Personal information
- Full name: Daren Lee
- Born: 10 January 1965 (age 61) London, England
- Height: 5 ft 11 in (1.80 m)
- Sporting nationality: England
- Residence: London, England

Career
- Turned professional: 1992
- Former tour: European Tour

Best results in major championships
- Masters Tournament: DNP
- PGA Championship: DNP
- U.S. Open: DNP
- The Open Championship: T68: 1992

= Daren Lee =

English golfer

Daren Lee (born 10 January 1965) is an English professional golfer.

== Career ==
Lee was born in London. He won the silver medal as the leading amateur in The Open Championship at Muirfield in 1992. He turned professional later that year and played on the European Tour and its second tier Challenge Tour between 1993 and 2003. His best finish on the European Tour Order of Merit was 45th in 2001, the only year he made the top 100.

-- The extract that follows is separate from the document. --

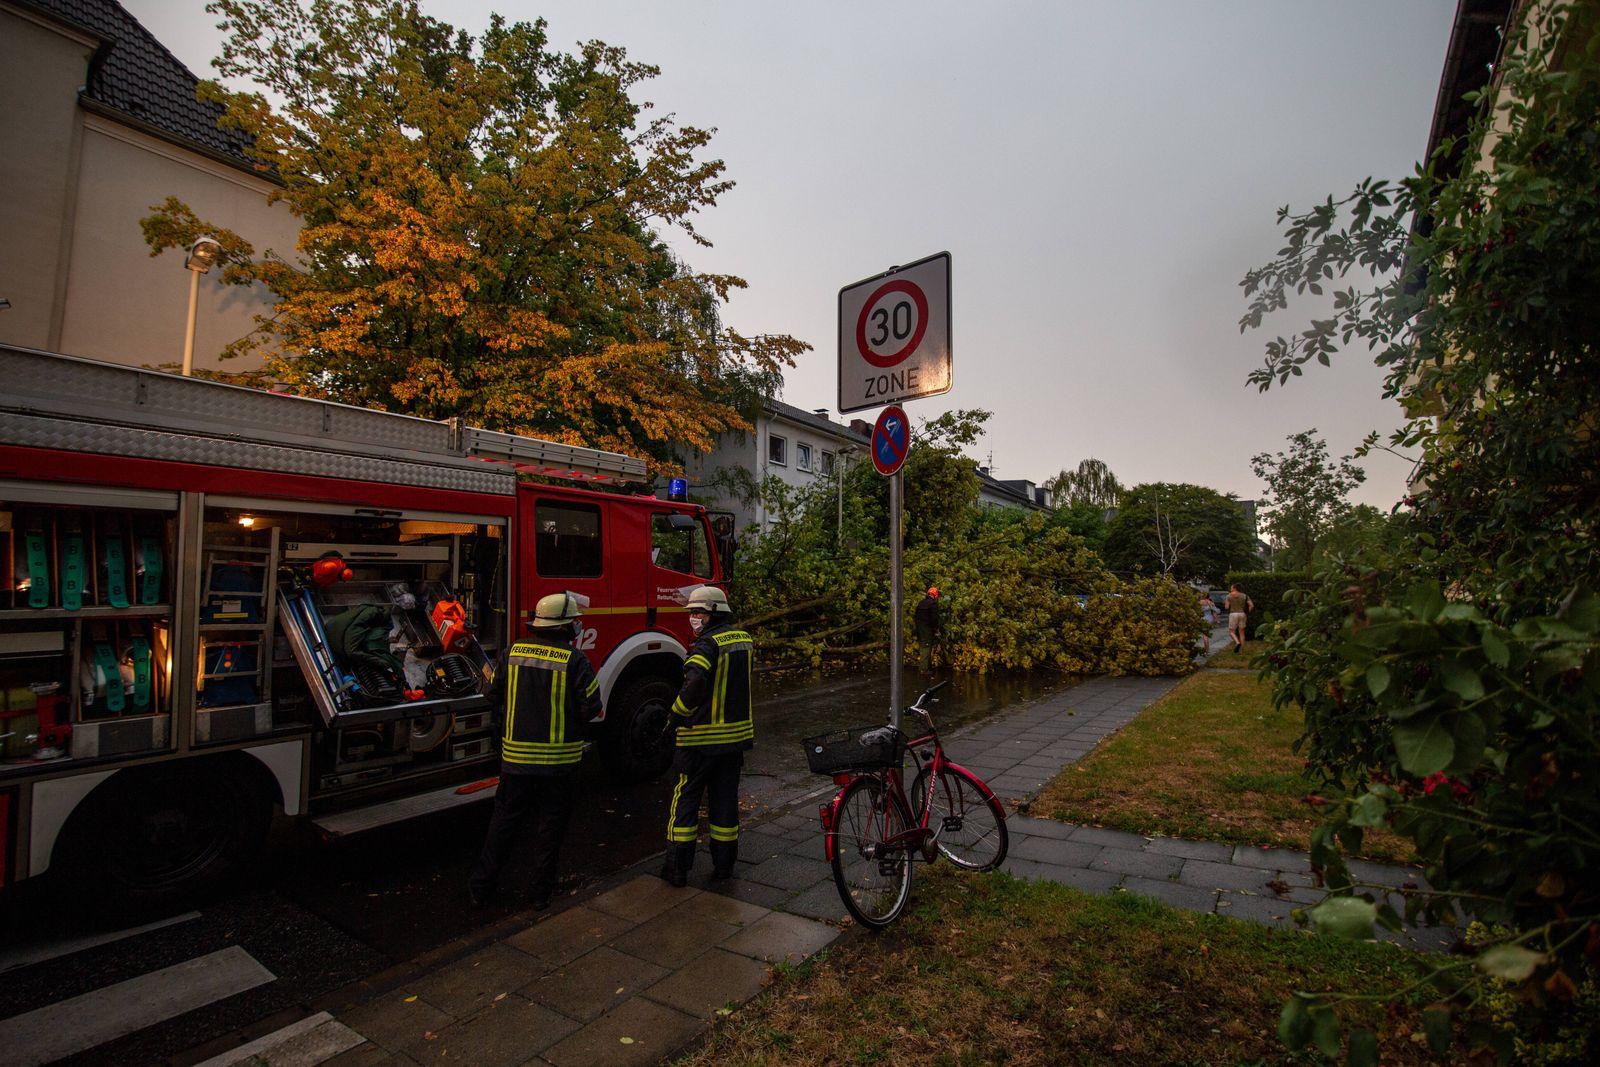 12.08.2020 Schweres Unwetter in Bonn In Bonn gab es am 12.08.2020 teils große Unwetter-schäden, viele Bäume umgestürzt
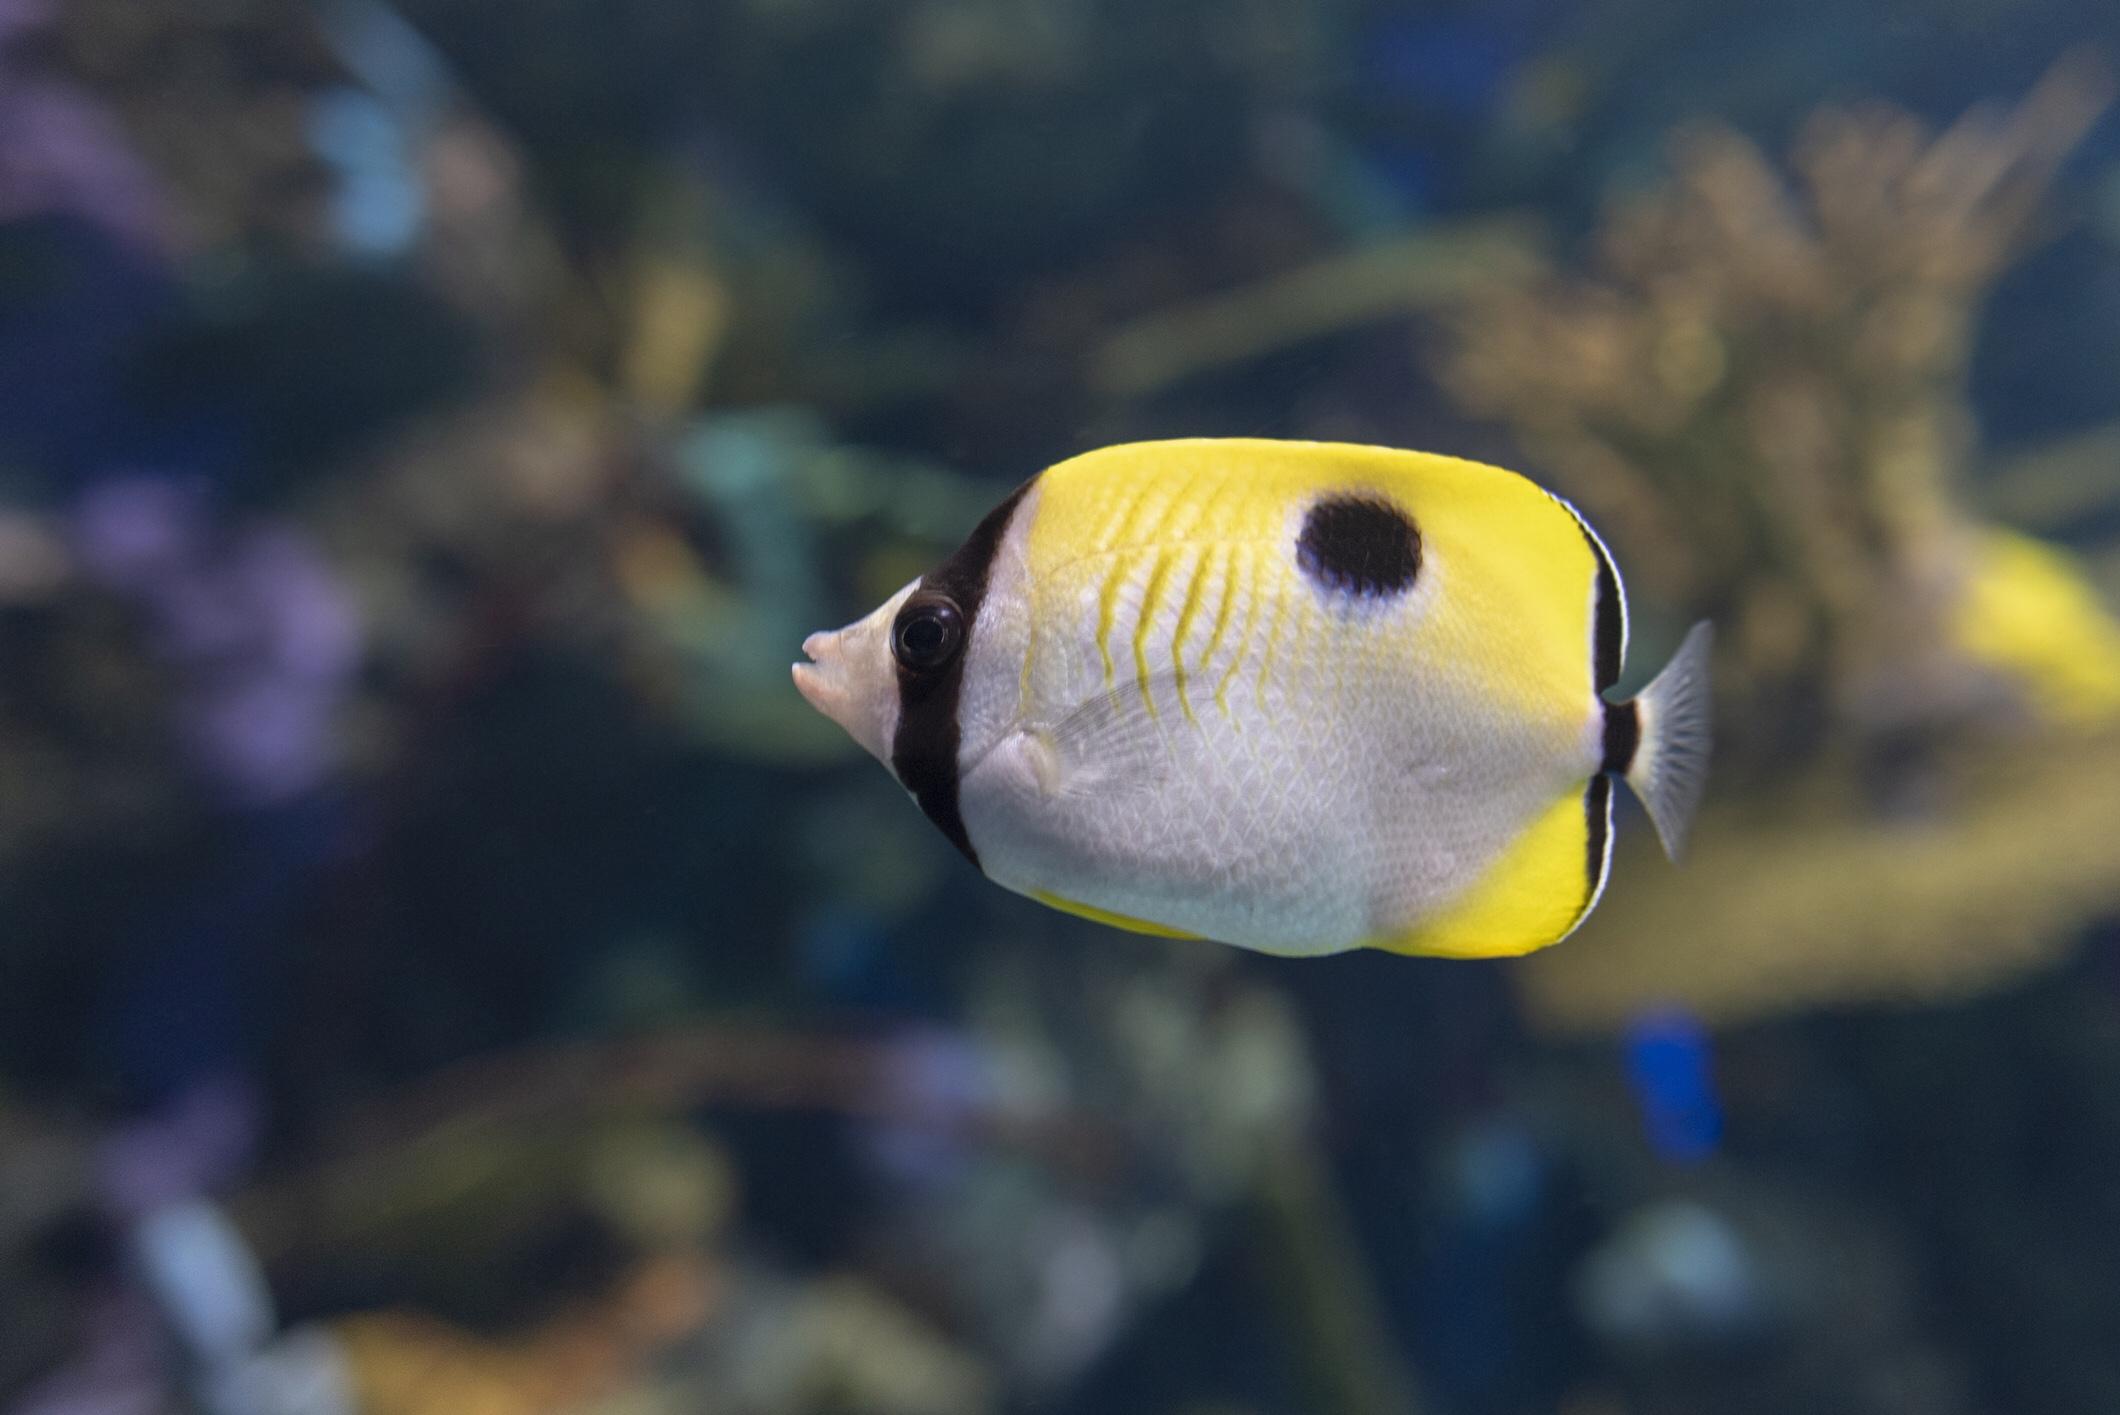 Teardrop butterflyfish, iStock

Strangely for a professional golfer, Lee never played a practice round prior to a tournament, instead preferring to simply walk the course.

==Playoff record==
European Tour playoff record (0–1)

| No. | Year | Tournament | Opponents | Result |
|---|---|---|---|---|
| 1 | 2001 | Celtic Manor Resort Wales Open | SCO Paul Lawrie, IRL Paul McGinley | McGinley won with par on fifth extra hole Lawrie eliminated by par on second hole |

Challenge Tour playoff record (0–1)

| No. | Year | Tournament | Opponent | Result |
|---|---|---|---|---|
| 1 | 1998 | Open de Strasbourg | AUS John Senden | Lost to birdie on first extra hole |

==Results in major championships==

| Tournament | 1992 | 1993 | 1994 | 1995 | 1996 | 1997 | 1998 | 1999 | 2000 | 2001 |
|---|---|---|---|---|---|---|---|---|---|---|
| The Open Championship | T68 LA |  |  |  |  |  | CUT |  |  | CUT |

Note: Lee only played in The Open Championship.